What is needed: From the data below, return the exact lines starting at the line containing "With 20 motifs" and ending at the line containing "Length: 32.5", both included, and nothing else.

Data for this exercise:
==================================================

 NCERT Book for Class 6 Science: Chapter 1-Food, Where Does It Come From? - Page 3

==================================================

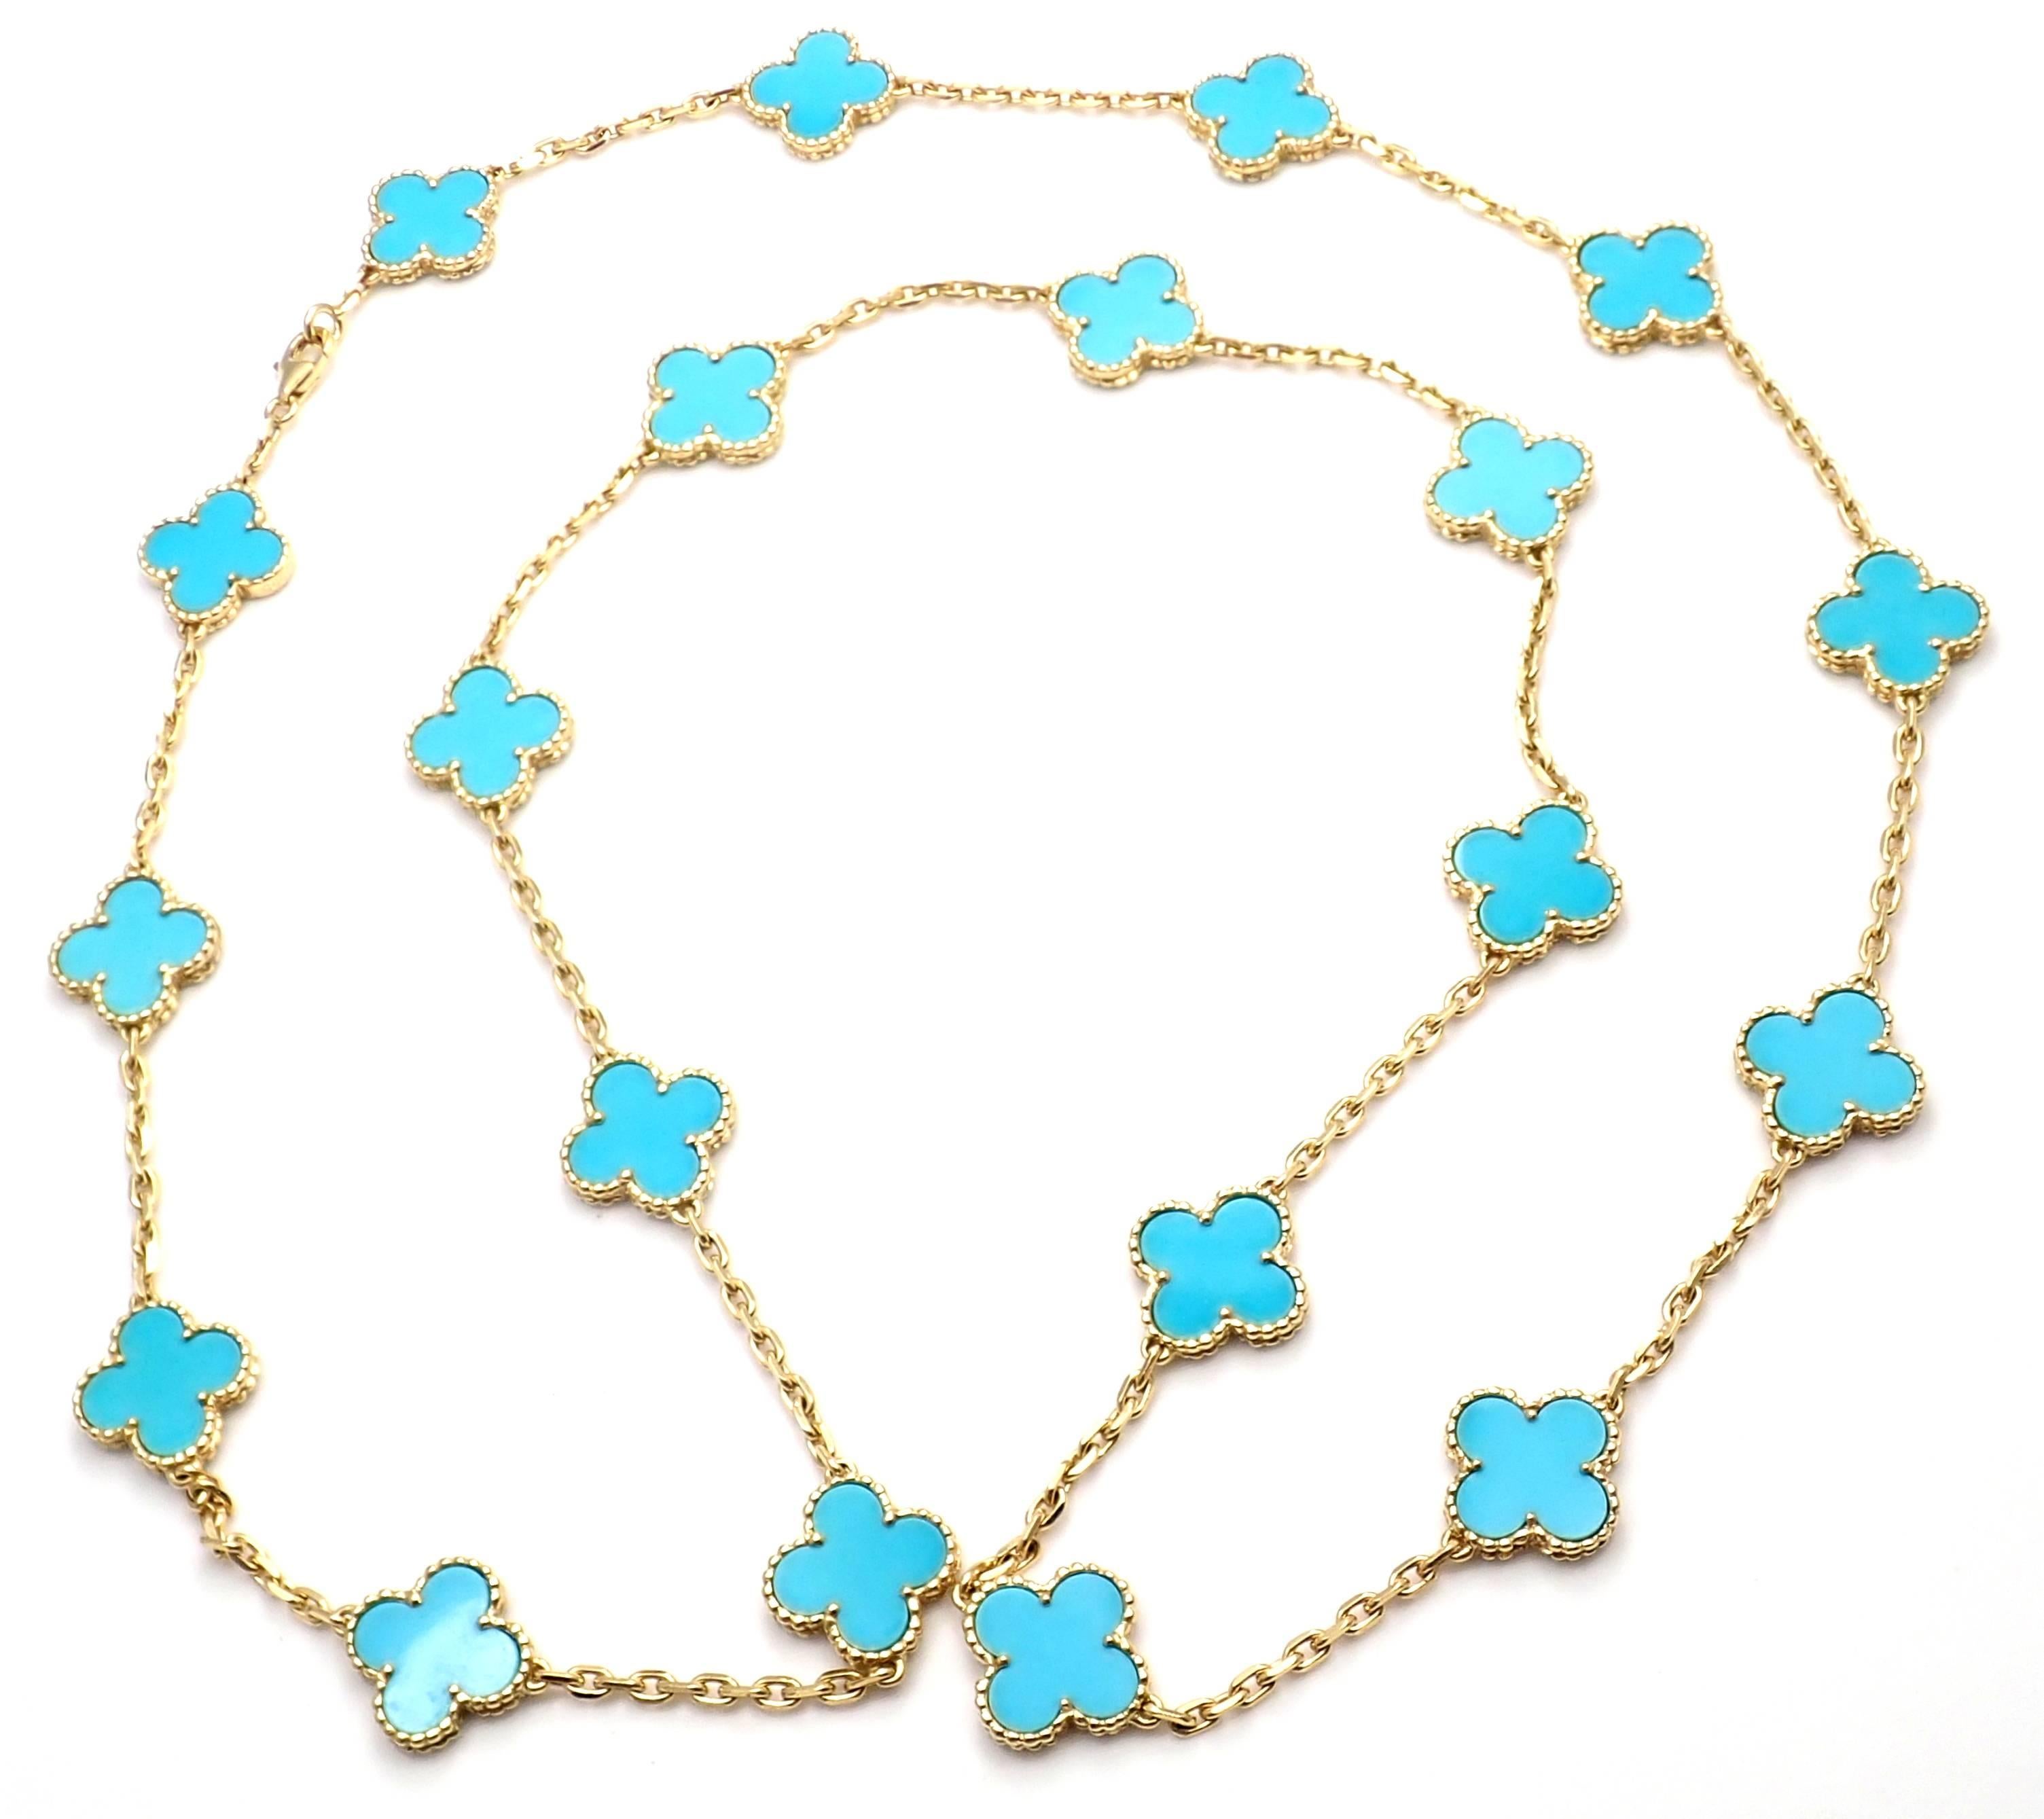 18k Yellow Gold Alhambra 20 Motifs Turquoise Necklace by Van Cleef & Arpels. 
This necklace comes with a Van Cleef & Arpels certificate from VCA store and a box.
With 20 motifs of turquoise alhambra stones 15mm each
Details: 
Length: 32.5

==================================================

Response area:
With 20 motifs of turquoise alhambra stones 15mm each
Details: 
Length: 32.5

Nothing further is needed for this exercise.